*David*
Okłamała mnie. Znowu. Po dwudziestym razie przestałem liczyć.
Giana opierała się o wózek, gdy David sięgnął po płatki.
- Nie te - burknęła. Odsunął się i chwycił niebieskie opakowanie. Włożył je do wózka. Dziewczyna westchnęła z poirytowaniem i wyrzuciła pudełko. Jego miejsce zajęły płatki kukurydziane.
- Nie cierpię tych bez glutenu - stwierdziła Giana. David próbował sobie przypomnieć, dlaczego zgodził się z nią pojechać.
"Nie rozdzielajcie się" to powiedział im rano Calvin.
- Mogłam jechać z Corą - rzuciła dziewczyna.
- Mogłem jechać z Jasonem - stwierdził chłopak.
Ruszyli do kasy.

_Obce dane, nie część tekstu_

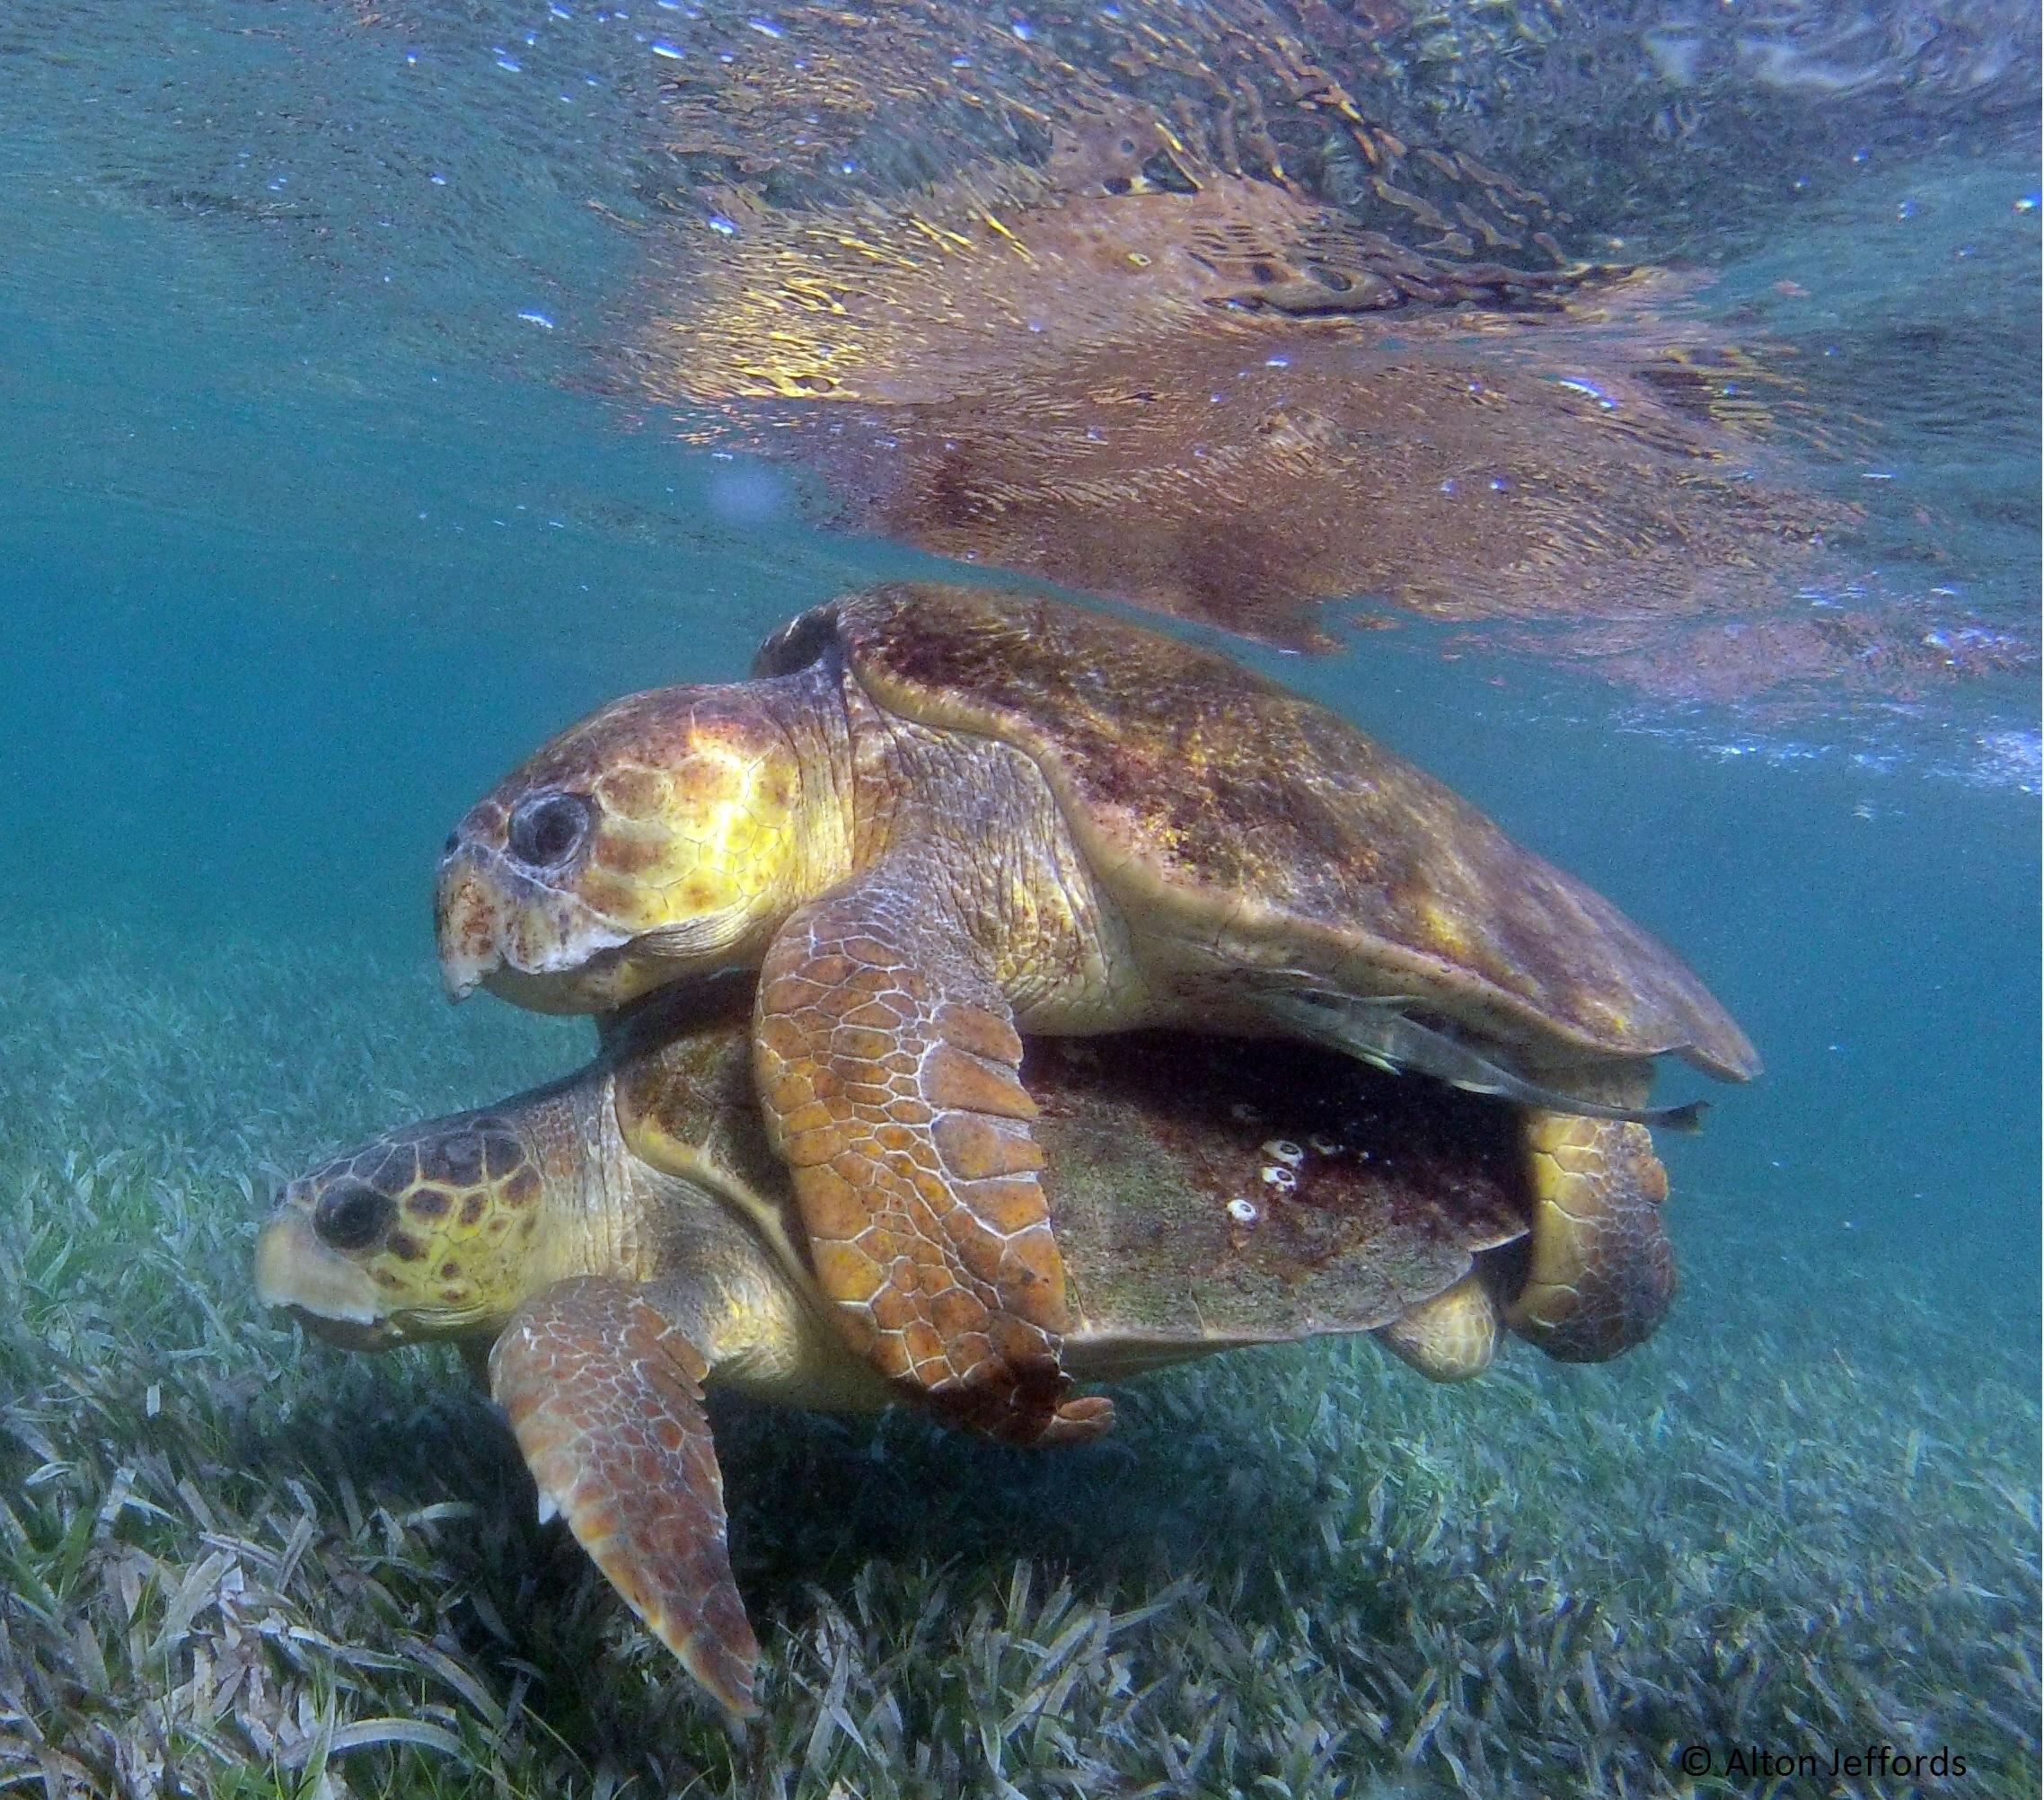 Loggerhead turtles mating at Turneffe Atoll. © Alton Jeffords

Napięta atmosfera między nimi była nie do wytrzymania.
- Zastanawiałem się, czy nie zabrać Max' a na jakiś wypad za miasto - oznajmił w pewnym momencie David.
- Dużo ostatnio przeszedł, jak na swój wiek... - powiedziała dziewczyna.
- Możesz jechać z nami, jak chcesz - wymsknęło się chłopakowi. Giana zatrzymała się gwałtownie i zmierzyła go wzrokiem.
- Po co? Żebyśmy się ciągle kłócili? - spytała. David ugryzł się w język i rzucił tylko:
- Zapomnij, że coś mówiłem.
*Leila*
Będzie dobrze - pocieszała się w myślach Leila. Musiała odciąć Francisa od wspomnień, od tego miejsca, od Sybilli.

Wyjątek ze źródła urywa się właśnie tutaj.